Unions in Ontario A Tale of Two Realities – Yakabuski
09 August 2012
“The (proposal) put forth by Hudak does not ban unions. It simply gives workers a freedom of choice that when hired by a unionized employer, they have a choice of whether to join the union or not. What’s wrong with that? Isn’t that what democracy is all about?”
- letter to the editor, The Windsor Star, August 3, 2012
QUEEN’S PARK – Ontario’s unionized private sector workers have taken it on the chin while their public sector counterparts have “dined out” for nine years under the McGuinty Liberals, making a strong case for the labour law reforms proposed in the Ontario PC Caucus Paths to Prosperity: Flexible Labour Markets, Renfrew-Nipissing-Pembroke PC MPP John Yakabuski said today.
“Private sector union members have made tough concessions to keep their employers in business and their own jobs intact – if they’ve been lucky,” Yakabuski said. “At the same time, public sector unions under Dalton McGuinty have enjoyed a nine-year hiring binge and ‘wage freeze’ deals that don’t actually freeze wages – like the recent agreement with English Catholic teachers.”
In this tale of two realities, Yakabuski noted, the private sector has lost 300,000 manufacturing jobs and wage growth has become virtually stagnant, while 300,000 bureaucratic government jobs have been added to the bloated public sector payroll.

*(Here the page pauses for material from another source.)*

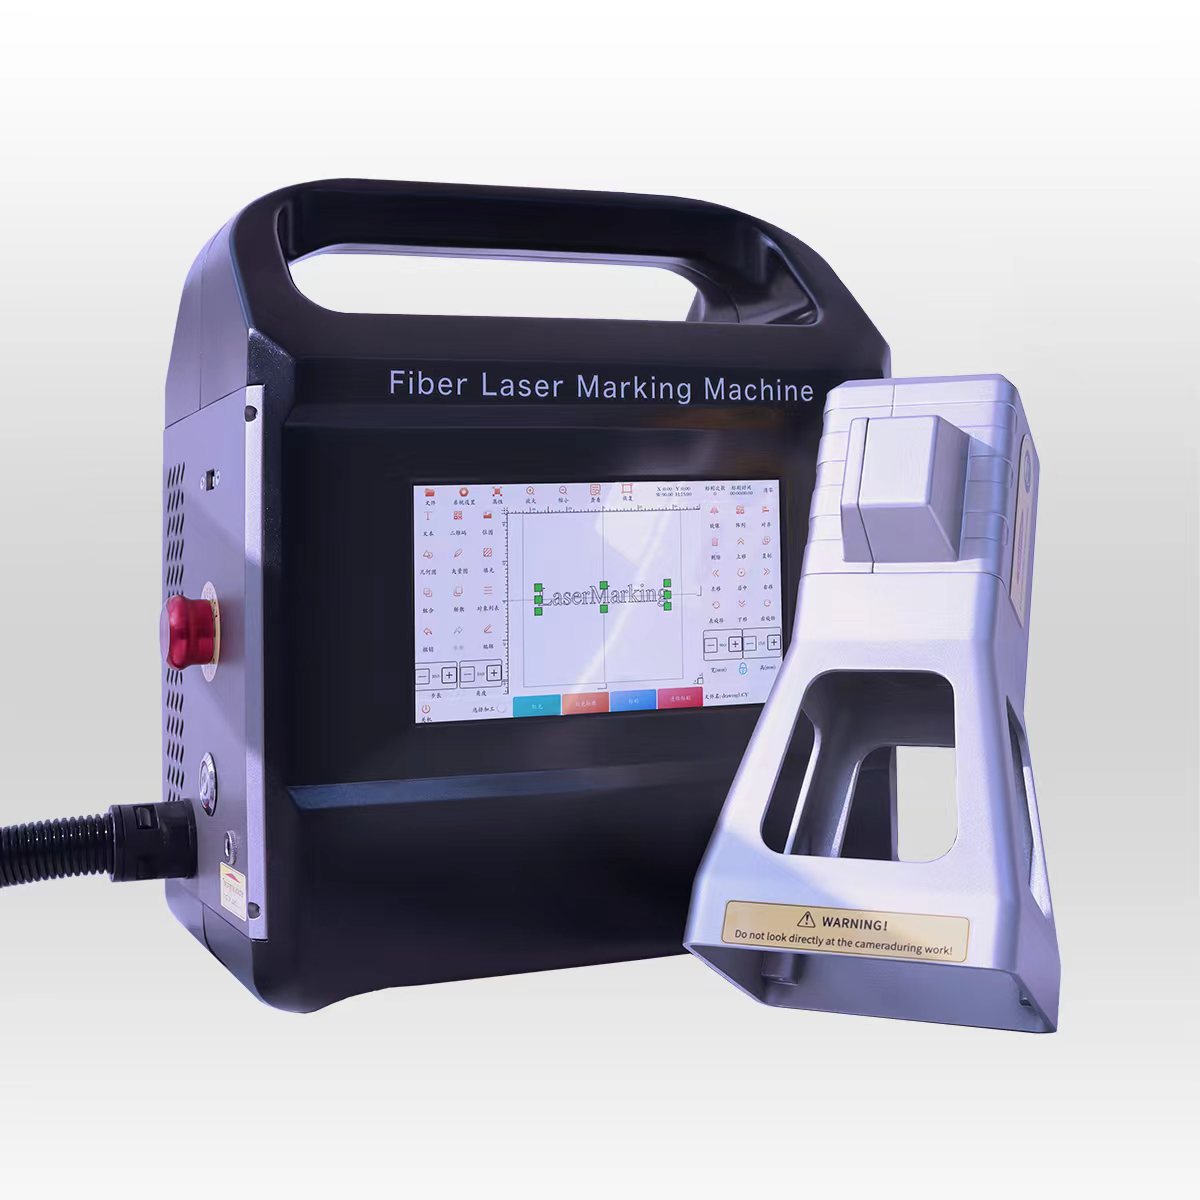 Application of New Fiber Laser Marking Machine And Comparison with Other Marking Machines

“Not only that – the total paid to public sector workers has increased 46 per cent, from $40 billion to over $58 billion, since this government was first elected in 2003,” Yakabuski said. “No wonder the Canadian Federation of Independent Business found that public sector workers make up to 27 per cent more than their private sector counterparts when benefits are factored in.”
Yakabuski repeated the long-standing Ontario PC call for public sector salaries to reflect economic reality. He said these past 9 years of overspending all point to the need to haul the public sector workforce out from the sheltered environment it has enjoyed since the 1940s.
“We’ve put a number of ideas on the table to accomplish this goal, from requiring public sector unions to compete for government work, to modernizing the arbitration system, to an across-the-board wage freeze, to the numerous proposals set forth in the PCs’ Paths to Prosperity white paper.”
The document also calls for action in three other key areas: giving the individual worker a choice on becoming or remaining a union member; making union leaders more accountable to unionized employees; and reforming Ontario’s workplace agencies for a more flexible workforce and job creation.
“It also boosts our call for an across-the-board, legislated public sector pay freeze, to help bring public sector salaries into line with their private sector equivalents in a way that taxpayers can afford,” Yakabuski said, adding the measure would save Ontarians $2 billion annually.
“The current government’s refusal to adopt any of them clearly illustrates it does not comprehend the gravity of Ontario’s debt crisis,” Yakabuski concluded.